The assembly manufacturing tools library TL comprises all
manufacturing tools provided by the manufacturing machine 10 to
perform manufacturing operations.
[0077] The manufacturing machine 10 comprises a communications
module and a processing module 12. In connection with the
disclosure, a processing module 12 can be understood, for instance,
as a machine or an electronic circuit. In particular, a processing
module 12 can be a Central Processing Unit (CPU), a microprocessor
or a microcontroller, for instance an application-specific
integrated circuit or a digital signal processor, possibly in
combination with a memory unit for storing program
instructions.
[0078] A processor may also be an IC (integrated circuit),
especially an FPGA (field-programmable gate array) or an ASIC
(application-specific integrated circuit), or for instance a
multi-chip module, e.g. a 2.5D or 3D multi-chip module, in which in
particular several dies are connected directly or via an
interposer, or a DSP (Digital Signal Processor) or a GPU (Graphic
Processing Unit). A processor can also be defined as a virtualized
processor, a virtual machine or a soft CPU. For instance, it may
also be a programmable processor equipped with configuration steps
to perform the above-mentioned inventive method or configured with
configuration steps such that the programmable processor realizes
the inventive features of the method, component, module, or other
aspects and/or partial aspects of the invention.

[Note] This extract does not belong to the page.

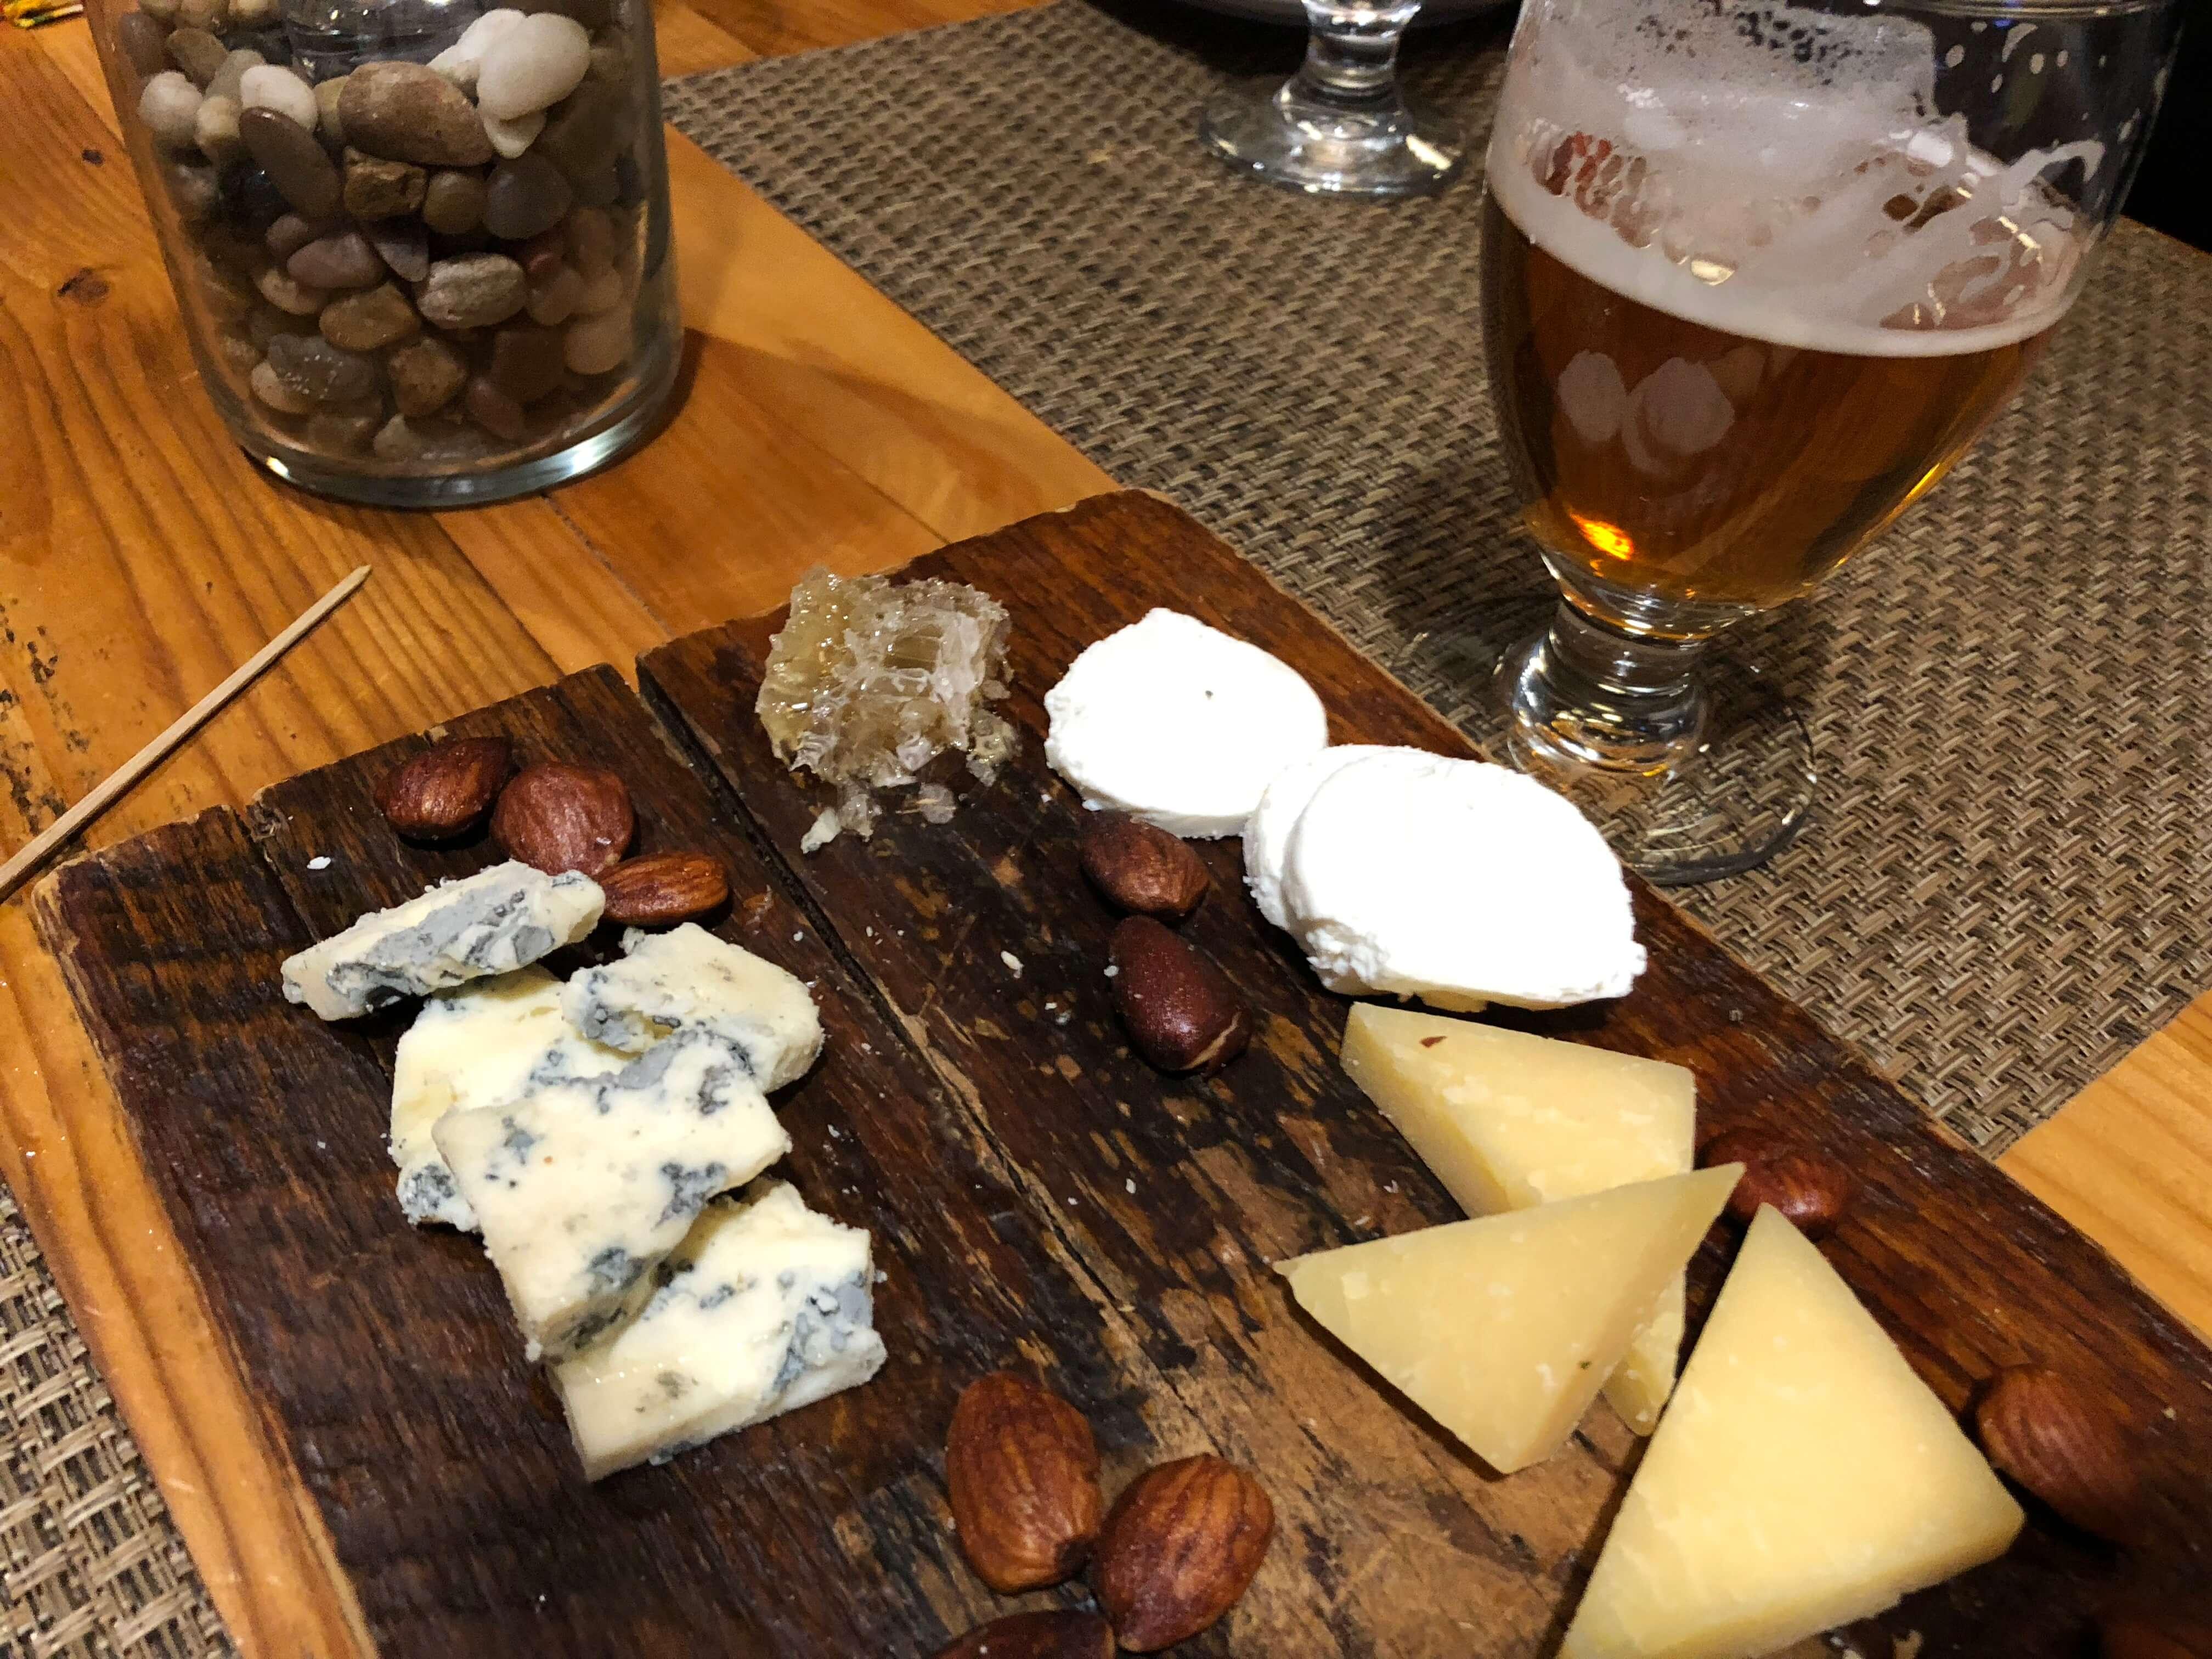 Killington Resort learn to ski program cheese platter

[0079] The manufacturing machine 10 may consist of several units
(not shown), such as a manufacturing unit and a control unit (e.g.,
a computer, personal computer, server, a virtual instance running
on a server or cloud), which may be placed in different areas. In
some embodiments, the control unit may be placed outside of the
manufacturing machine 10 (as an external or separate unit) and
provided with data communication means to the latter. The
manufacturing unit and the control unit of the manufacturing
machine may communicate via a wireless or wired communication
connection with each other and/or with the manufacturing system
100.
[0080] In some embodiments, the manufacturing unit of the
manufacturing machine 10 comprises the manufacturing tools and is
adapted to perform the manufacturing operations for manufacturing
the industrial assembly. The control unit of the manufacturing
machine 10 comprises the communication module 11 and the processing
module 12 and is adapted to perform the methods according to the
first and second aspect of the present invention. Moreover, the
control unit of the manufacturing machine 10 provides the control
commands to control the manufacturing unit of the manufacturing
machine 10. In connection with the invention, "control commands"
can be understood to mean, for instance, a program or CNC command
with which a tool is controlled (e.g. at which rotational speed a
milling machine processes a workpiece) and/or with which tool or
tool machine (e.g. milling machine, drill or 3D printer) the
industrial assembly has to be manufactured.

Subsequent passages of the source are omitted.